With hotels and event centers beginning to reopen after laying off thousands due to Covid-19, unions are rallying in Baltimore to support City Council legislation intended to protect workers by putting them first in line to get their jobs back.
Ray Moore, a banquet server at the Hyatt Regency in Baltimore for more than 20 years, said in a statement distributed by Unite Here Local 7 that he’s only been asked to work one day this summer.
“After 23 years of hard work, I was so close to the finish line of retirement,” Moore said. “Now, it feels like it’s all being taken away.”
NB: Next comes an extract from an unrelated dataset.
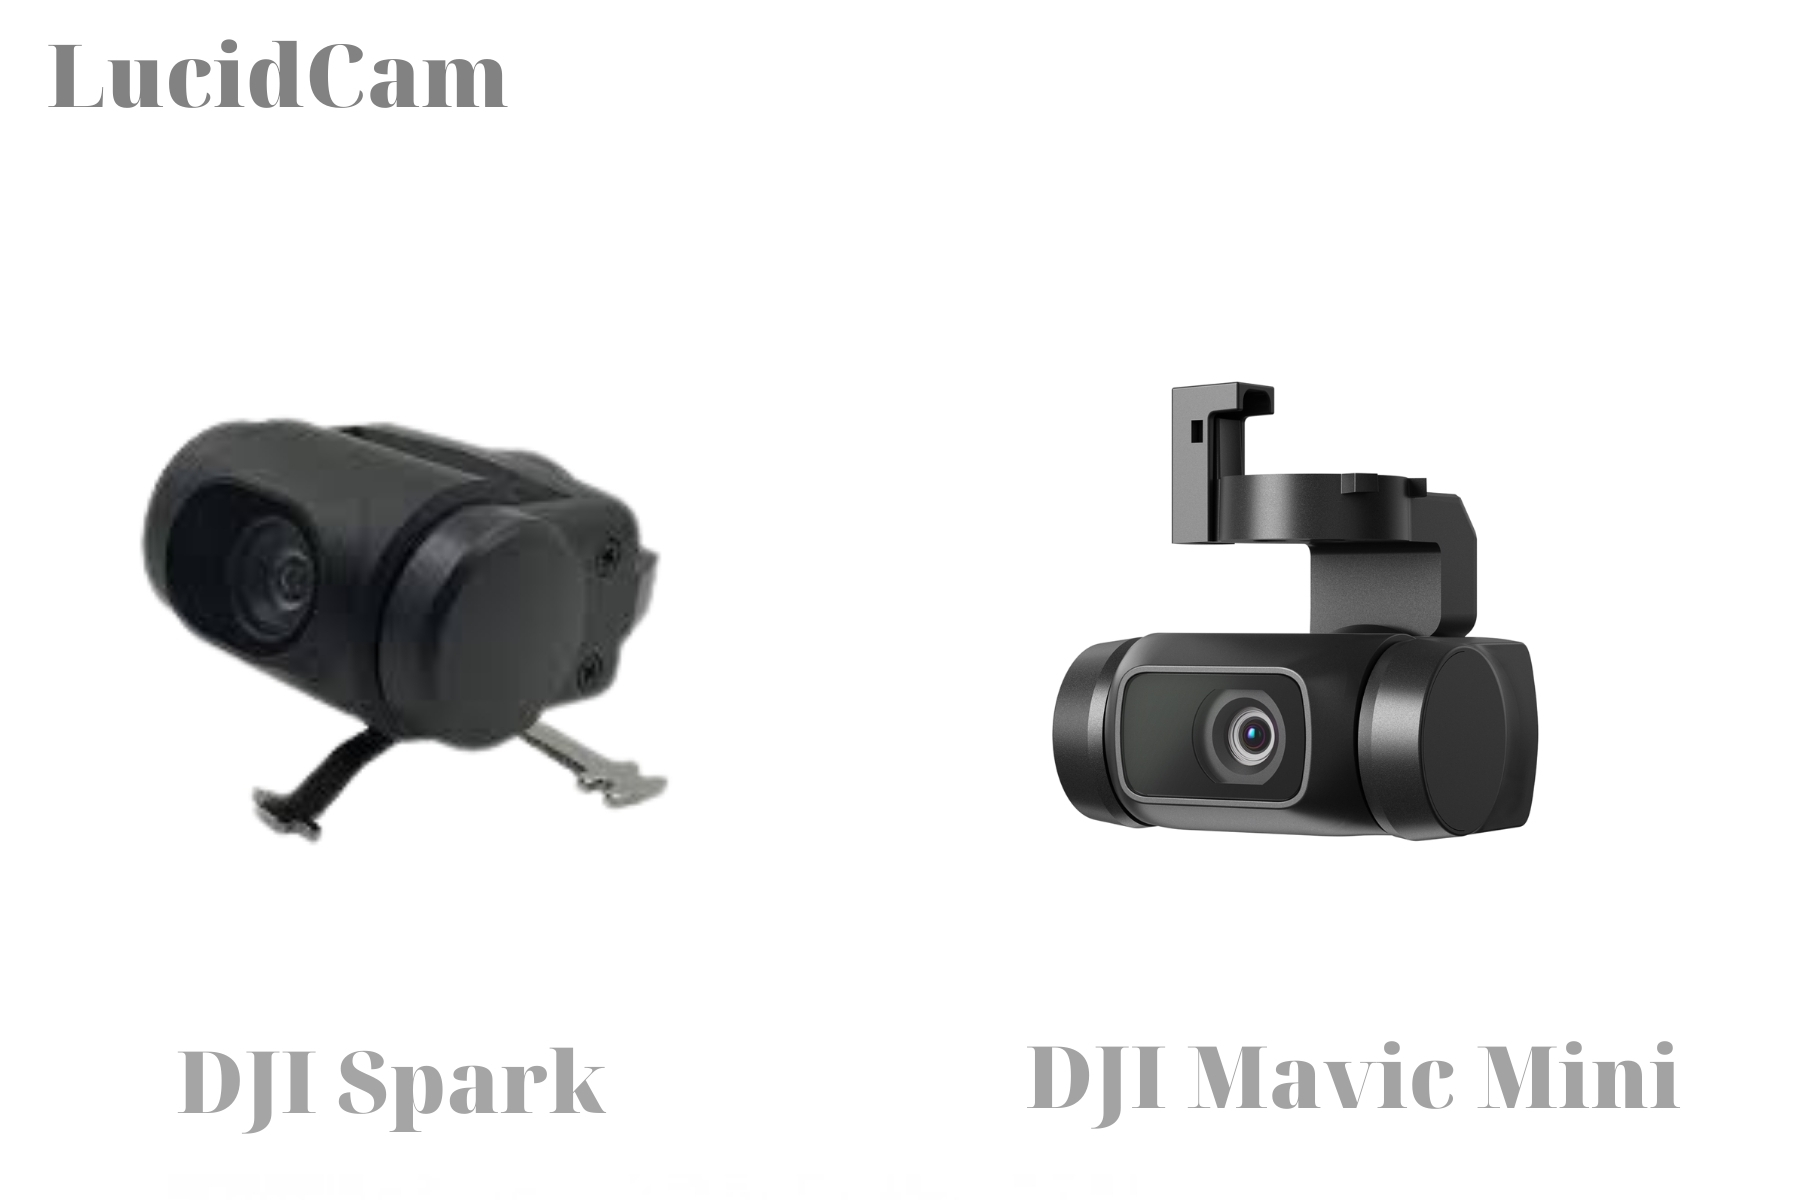 DJI Mavic Mini vs DJI Spark Drone - camera

“They should absolutely have the right to return to their jobs, instead of being thrown out of work due to no fault of their own,” said City Councilman Kristerfer Burnett, the sponsor of two bills aimed at addressing the issue that are up for a Labor Committee hearing today.
Under Bill 20-0543, when hotels, event centers or commercial buildings change ownership – with or without Covid as the reason – the new owner would be required to keep the outgoing owner’s employees, in order of seniority.
The outgoing owner would provide a list of employees, and the new business would be required to hire from that list for six months for jobs that are substantially similar.
Bill 20-0544 would require employers to bring back workers they laid off because of the pandemic as their businesses recover.
Both measures face stiff resistance from the business community and are opposed by the city Law Department.
“Enough is enough!” Amy Rohrer, president and CEO of the Maryland Hotel Lodging Association, wrote in a letter to the Council. “The bills currently under consideration are illegal and discriminatory in nature and hotels are tired of being the target.”
“Unprecedented Job Crisis”
Laid-off workers from local hotels and event centers rallied in front of City Hall on Tuesday to support the bill.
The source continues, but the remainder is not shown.